A28 人類の本格的な宇宙空間への進出を支える活動がされるでしょう。

宇宙エレベーターは、地表と宇宙とを結ぶ宇宙輸送機関としての機能だけでなく、宇宙空間での人類の活動拠点としての機能も担います。宇宙エレベーターにおける活動拠点としては、静止軌道ステーションとケーブルに吊り下げる施設の2つを考えることができます。
静止軌道ステーションは、宇宙エレベーターの中核となる施設です。静止軌道高度では無重力状態になるので、ケーブルに荷重をかけることなく大きな施設を設置することができます。静止軌道高度以外のところでは、地球側でも宇宙側でも、静止軌道高度から離れるにしたがって大きな重力を感じるようになります。このような高度に施設を設置するには、ケーブルに吊り下げることになります。

初期の宇宙エレベーターでは、ケーブルに大きな荷重をかけることはできないので、ケーブルに吊り下げる施設を常設するのは難しいでしょう。将来的には、ケーブルの補強が十分進み、大きな荷重をかけることができるようになれば、様々な施設が吊り下げられるようになるかもしれません。

宇宙エレベーターに吊り下げられる恒常的な施設としては、火星や月の重力を模倣した施設や、軌道カタパルトでの宇宙機の発着施設などが考えられます。宇宙エレベーターでは、高度によって感じる重力の大きさが異なるので、火星の重力と同じになる高度では火星の環境を、また、月の重力と同じになる高度では月の環境を、それぞれ模倣することができます。このような高度に設置した施設では、火星や月に向かう人のための訓練や、火星や月で使う機材の試験などをすることができます。テーマパークができて、手軽に火星や月の重力を楽しむことができようになるかもしれません。

また、静止軌道高度のさらに先には、地球の重力から脱出することのできる地球脱出臨界高度や、火星や小惑星に向かうことのできる各天体への到達高度があります。これらの高度まで宇宙機を運び、ケーブルから切り離すだけで、地球を脱出したり、火星や小惑星に到達したりできるエネルギーを宇宙機に与えることができるので、宇宙エレベーターを軌道カタパルトとして使うことができます。これらの高度に施設を設置すれば、太陽系内を飛び回る宇宙機の発着施設として使うことができます。

吊り下げられる施設は火星や月の重力模倣施設や軌道カタパルトの発着施設など
しかし、ケーブルに吊り下げられる施設をたくさん常設するのは、あまり得策とは言えません。吊り下げられた施設はケーブルに荷重をかけるからというだけでなく、クライマーの昇降に支障をきたすからです。たくさんの施設がケーブルに吊り下がっていると、そこをクライマーが通過する度に、吊り下げるための支持機構を切り替えてクライマーを通さなければなりません。これでは、パナマ運河で使われている、水位の差がある水路に船を通すための閘門【こうもん】と同じように、通過に時間と手間がかかります。

ケーブルの途中に設置する施設は、吊り下げて常設するよりも、クライマーのように、必要に応じてケーブル上を移動させて設置し、用が済んだら静止軌道ステーションや海上ターミナルに戻すようにしておいた方がいいかもしれません。

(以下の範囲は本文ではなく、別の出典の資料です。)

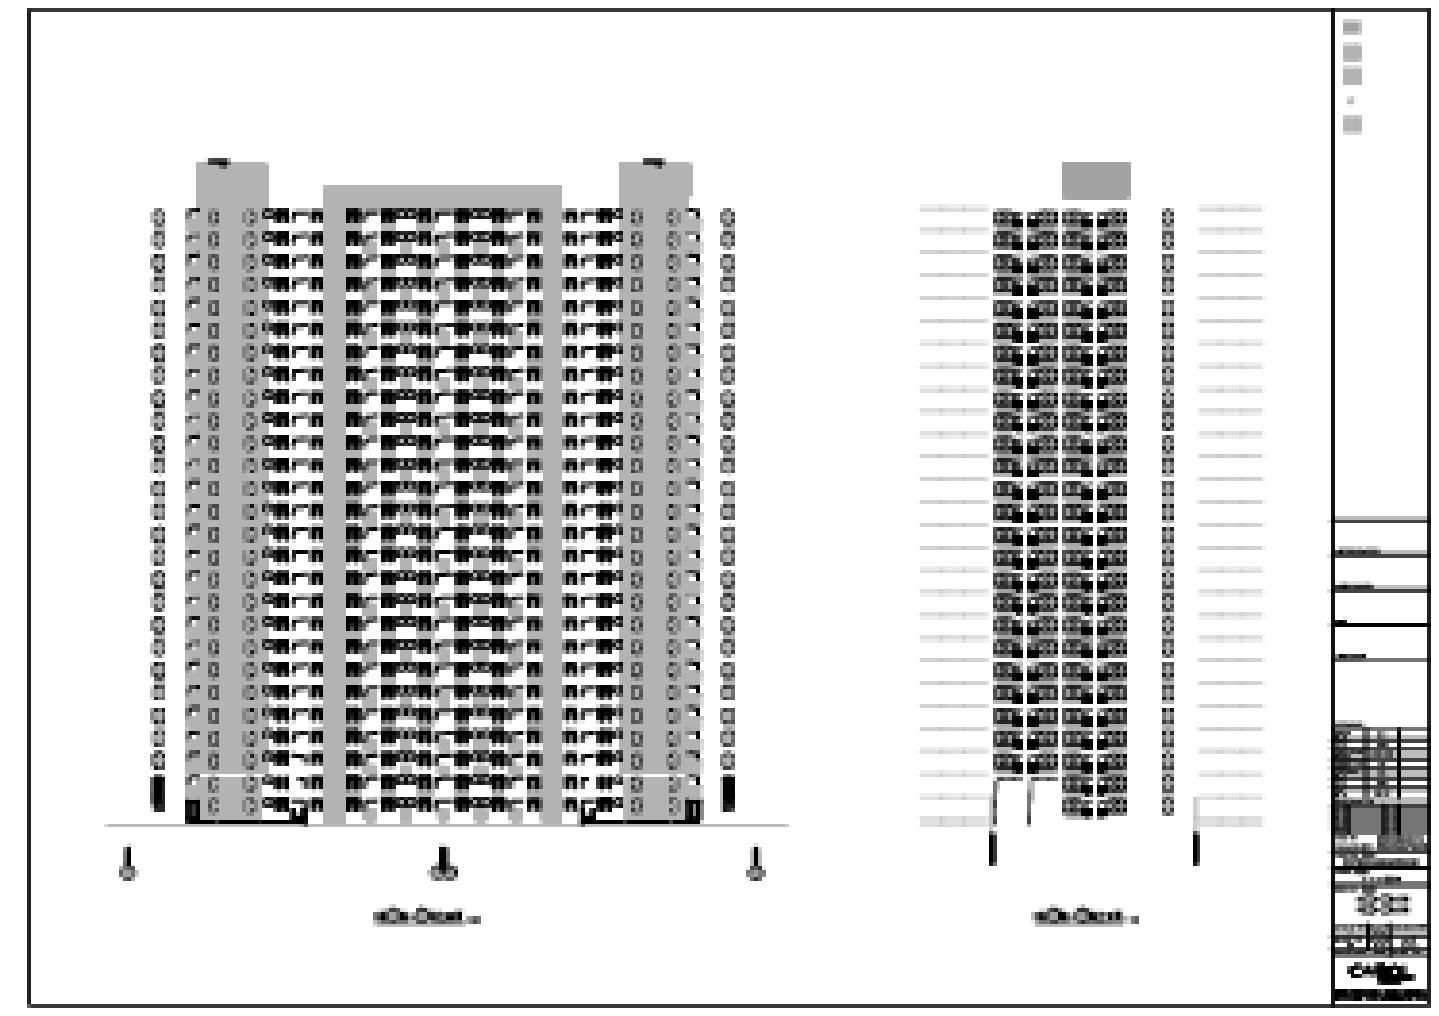 龙华扩展区0008地块保障性住房项目

宇宙エレベーターに設置される施設で重要なのは、なんといっても静止軌道ステーションです。静止軌道高度では無重力状態になるので、どんなに重たいものでもケーブルに荷重をかけることがありません。宇宙エレベーターを使って資材を運び上げれば、大規模で恒常的な施設を設置することができます。

ホテルや娯楽施設、病院といったすでに地表にある施設でも、宇宙空間に設置することで、より付加価値が高められる施設が、たくさん造られるはずです。そのような施設では、宇宙空間や無重力状態ならではの楽しみや、経験をさせてくれるとこでしょう。しかし、人類にとっての宇宙エレベーターの意義は、そのような既存の価値を多少高めることよりも、まったく新しい価値をつくることにあります。

宇宙エレベーターは、人類の本格的な宇宙進出のためのゲートウェイ(入り口)として機能します。静止軌道ステーションは、その拠点になります。無重力状態なので、地上に比べると、大きな宇宙船を組み立てるのも容易です。組み立てた大型の宇宙船を、重力の大きな地上から打ち上げる必要もありません。静止軌道ステーションから地球脱出臨界高度まで持ち上げるだけで、地球の重力の影響から逃れることができます。

軌道カタパルトだけでは、残念ながら太陽系を脱出することはできませんが、宇宙船のロケットを使えば太陽系を脱出し、恒星間空間に向かうことも可能です。ロケットで使う推進剤は、地上や小惑星などから運ぶことで、潤沢【じゅんたく】に用意することができます。人類の活動の場は、太陽系から、やがて銀河を超えて広がっていくでしょう。静止軌道ステーションは、その転換点となる宇宙への足掛かりの第一歩なのです。(佐藤 実)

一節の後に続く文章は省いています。